(DATA EXTRACT):
--- START ---

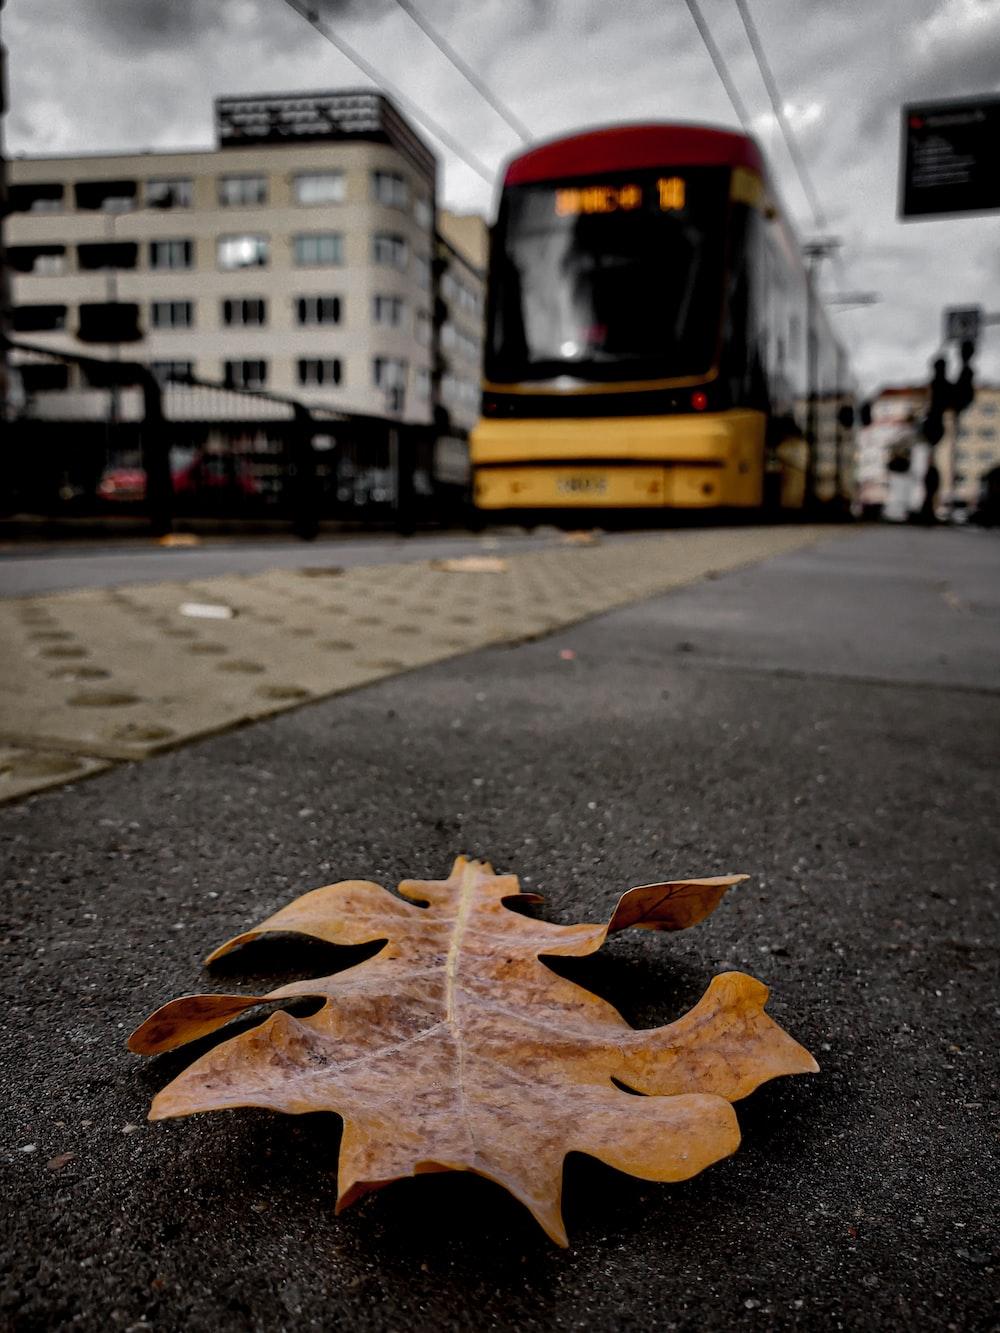 dried leaf on pavement
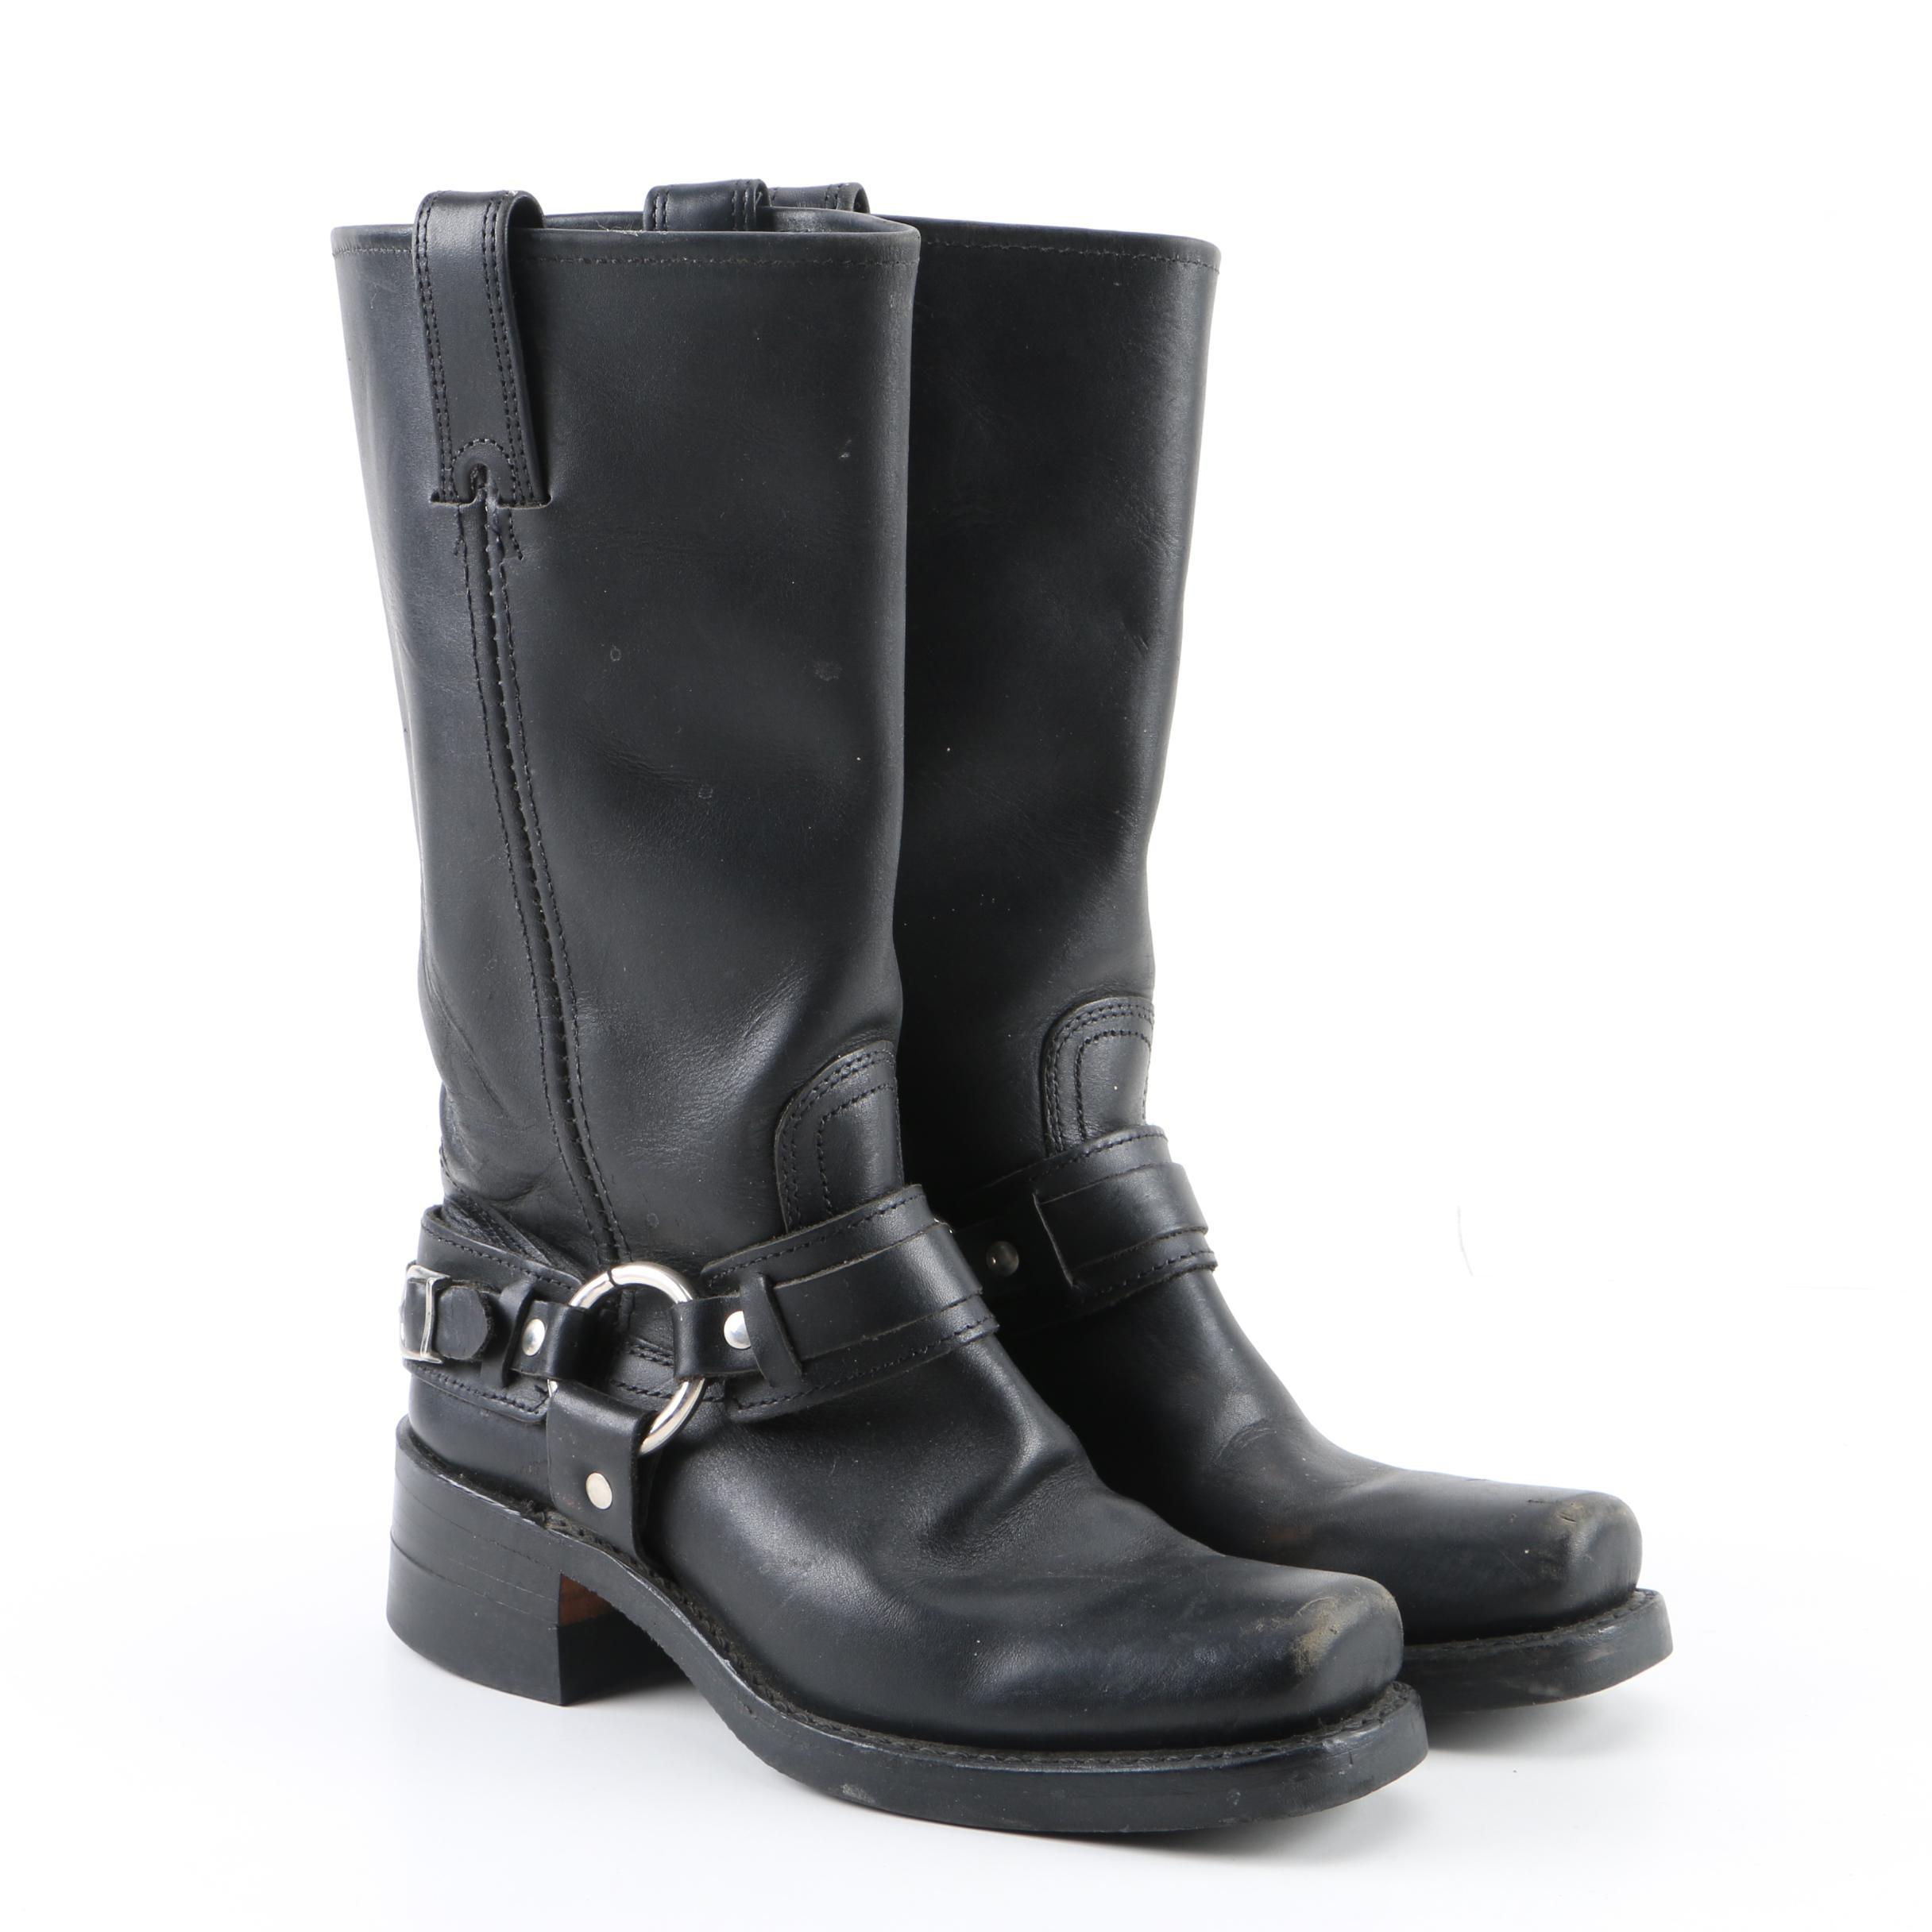 Women's Frye Black Leather Harness Boots
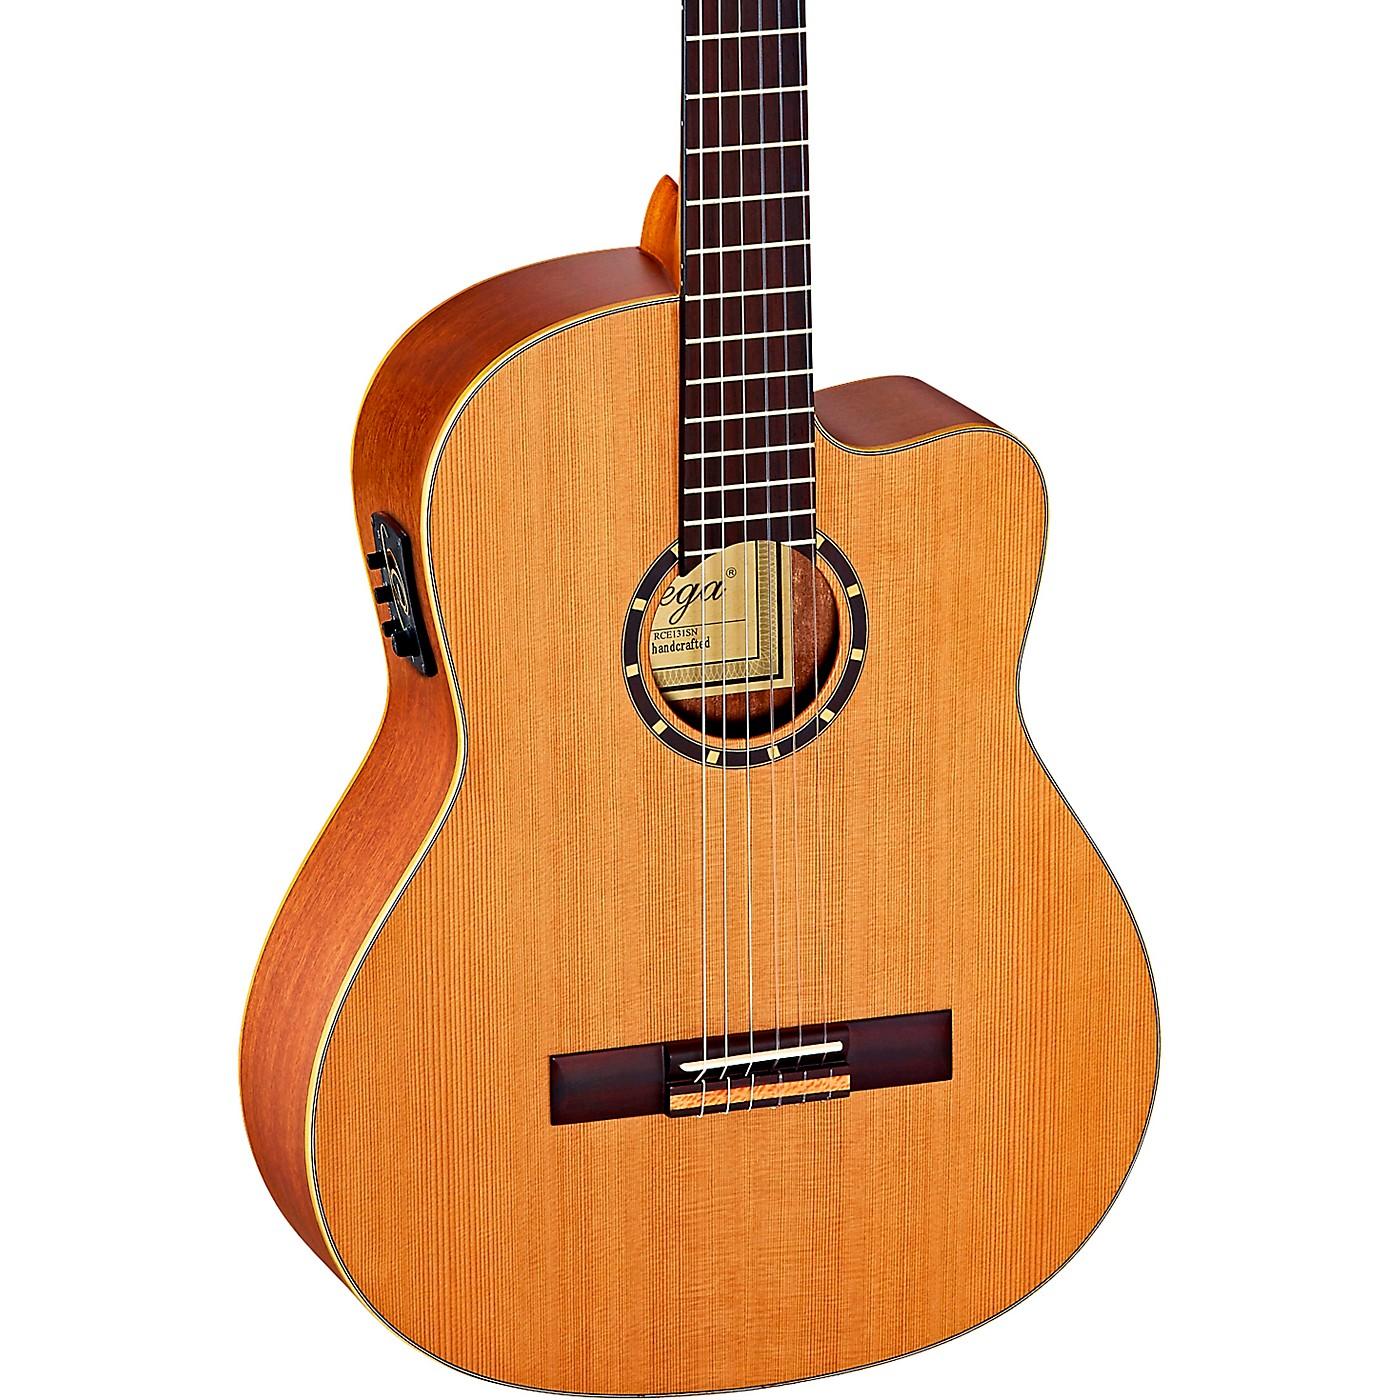 Ortega Family Series Pro RCE131 Acoustic-Electric Slim Neck Nylon String Guitar thumbnail
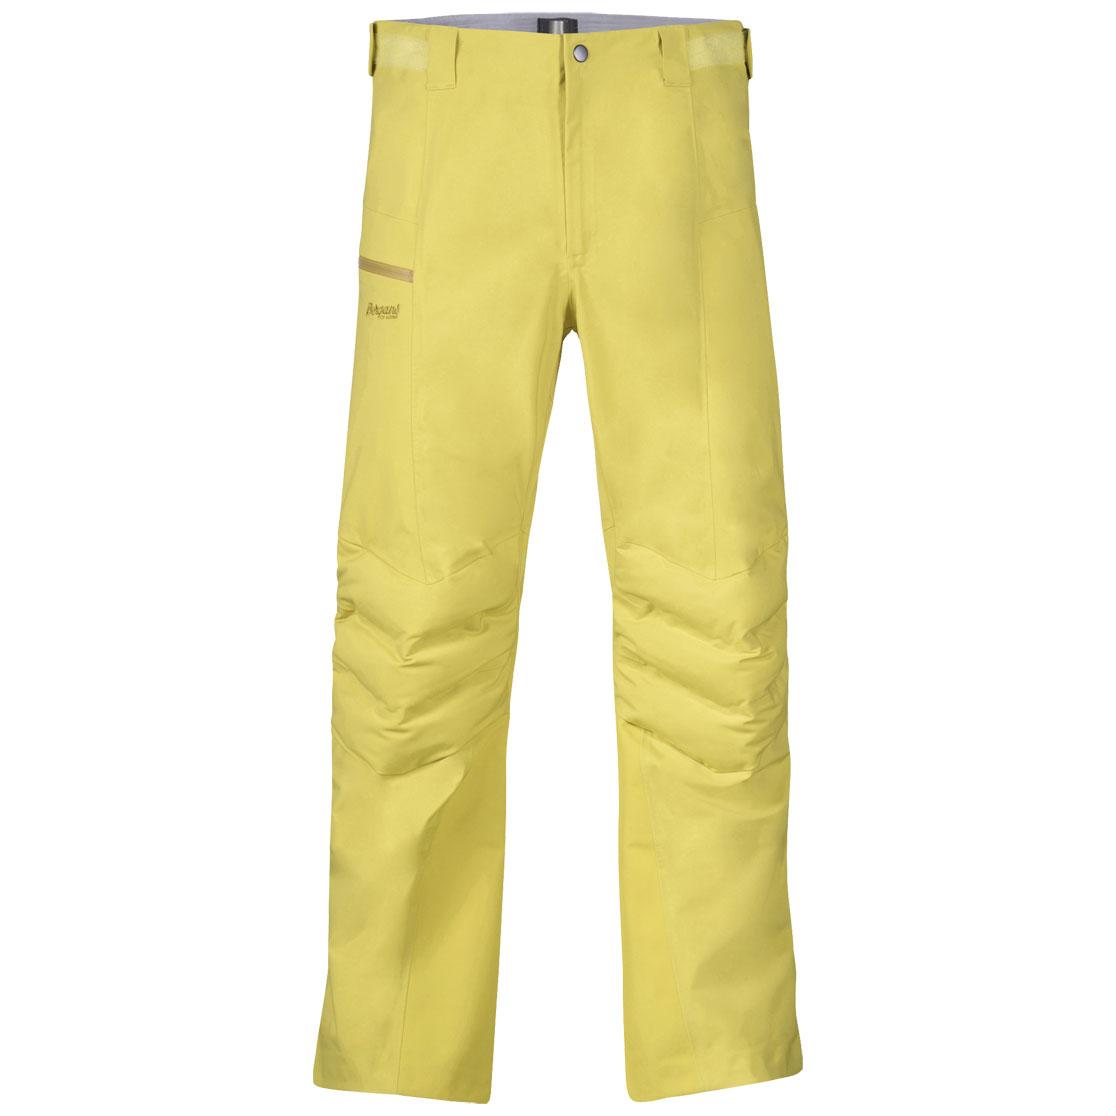 Bergans Hemsedal Hybrid Pants 17/18

--- END ---

(WHAT IS NEEDED):
A word-for-word copy of all the data, without pictures, is the expected output.

(PROBLEM SOLUTION):
 dried leaf on pavement
 Women's Frye Black Leather Harness Boots
 Ortega Family Series Pro RCE131 Acoustic-Electric Slim Neck Nylon String Guitar thumbnail
 Bergans Hemsedal Hybrid Pants 17/18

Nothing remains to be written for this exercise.